(PROBLEM DETAILS): Return, with both end lines included, exactly what the data below holds from the line with "مغاسل رخام – مغاسل رخام حمامات في الرياض" through the line with "Скумбрия без воды.", though not the pictures.

(RECORDED INFORMATION):
= = = = = = =
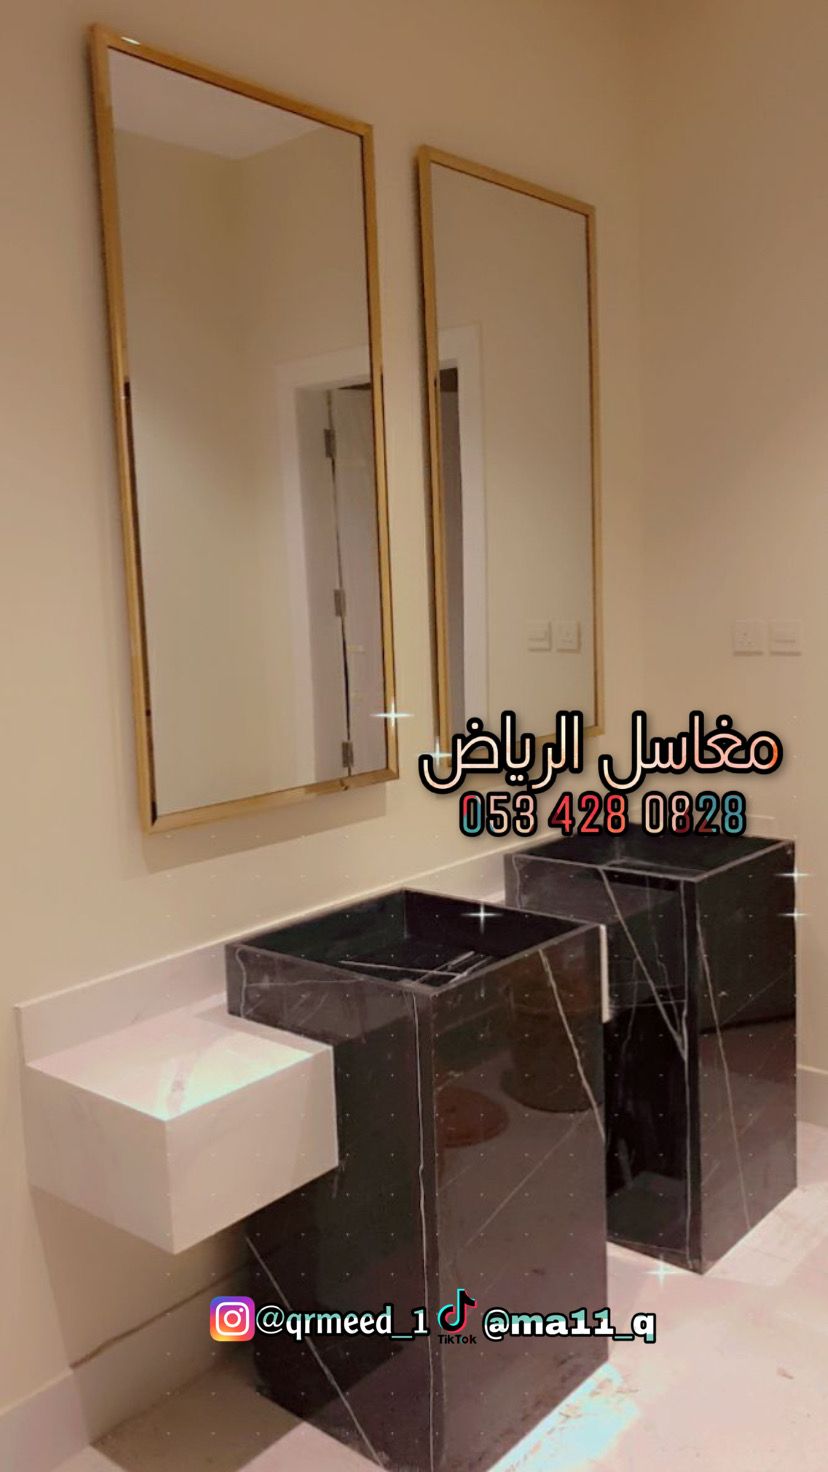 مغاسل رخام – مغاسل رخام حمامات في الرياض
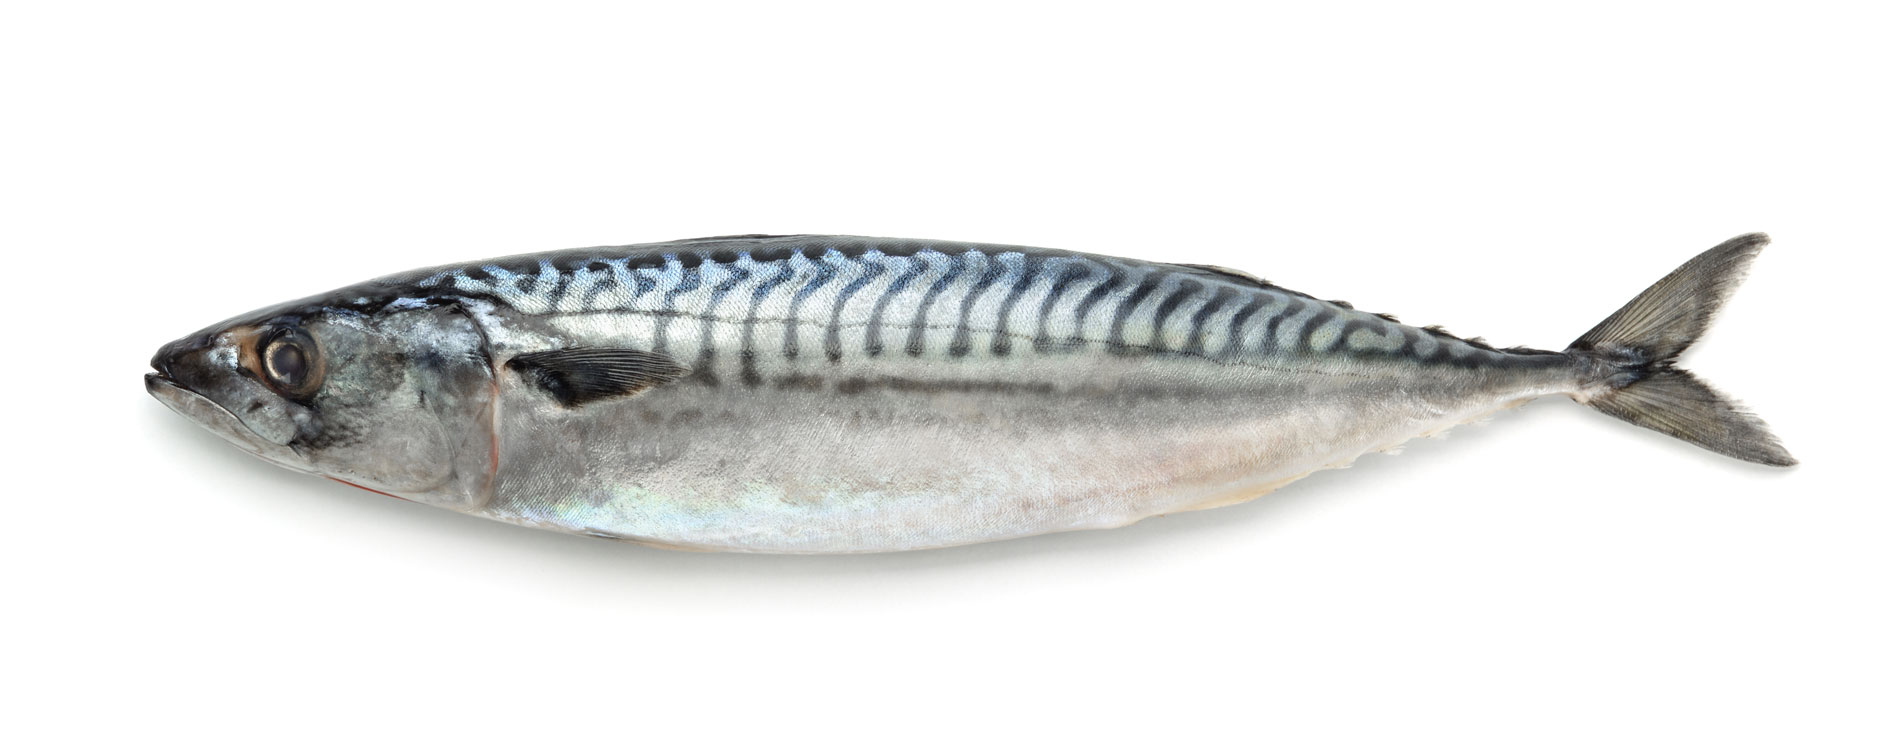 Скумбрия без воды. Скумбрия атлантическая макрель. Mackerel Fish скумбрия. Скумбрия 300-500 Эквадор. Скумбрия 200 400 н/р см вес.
= = = = = = =
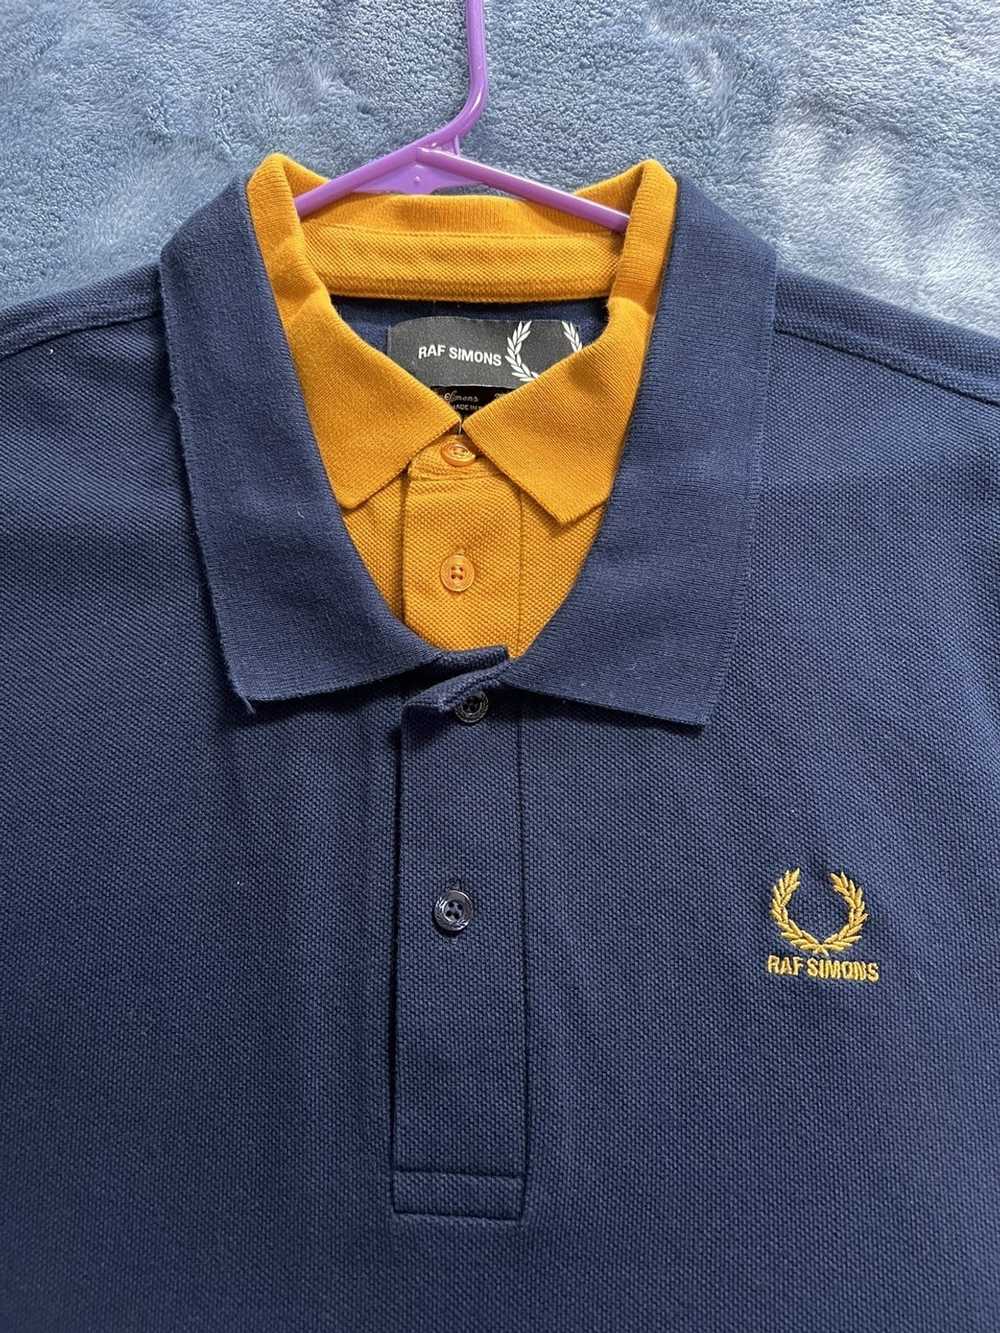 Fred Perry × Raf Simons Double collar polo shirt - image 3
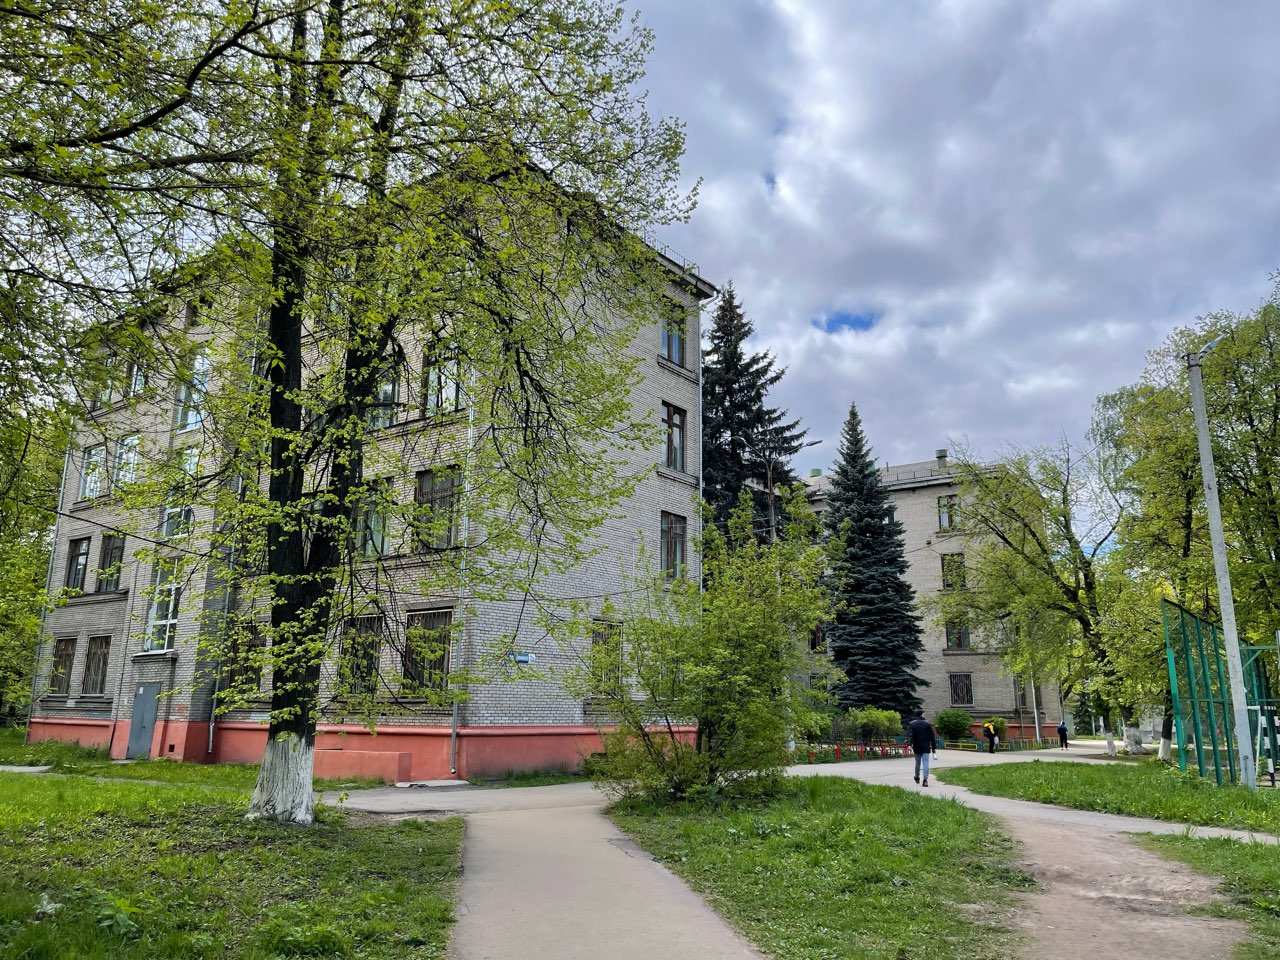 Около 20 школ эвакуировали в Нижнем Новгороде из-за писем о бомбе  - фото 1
= = = = = = =
(EXPECTED ANSWER):
 مغاسل رخام – مغاسل رخام حمامات في الرياض
 Скумбрия без воды. Скумбрия атлантическая макрель. Mackerel Fish скумбрия. Скумбрия 300-500 Эквадор. Скумбрия 200 400 н/р см вес.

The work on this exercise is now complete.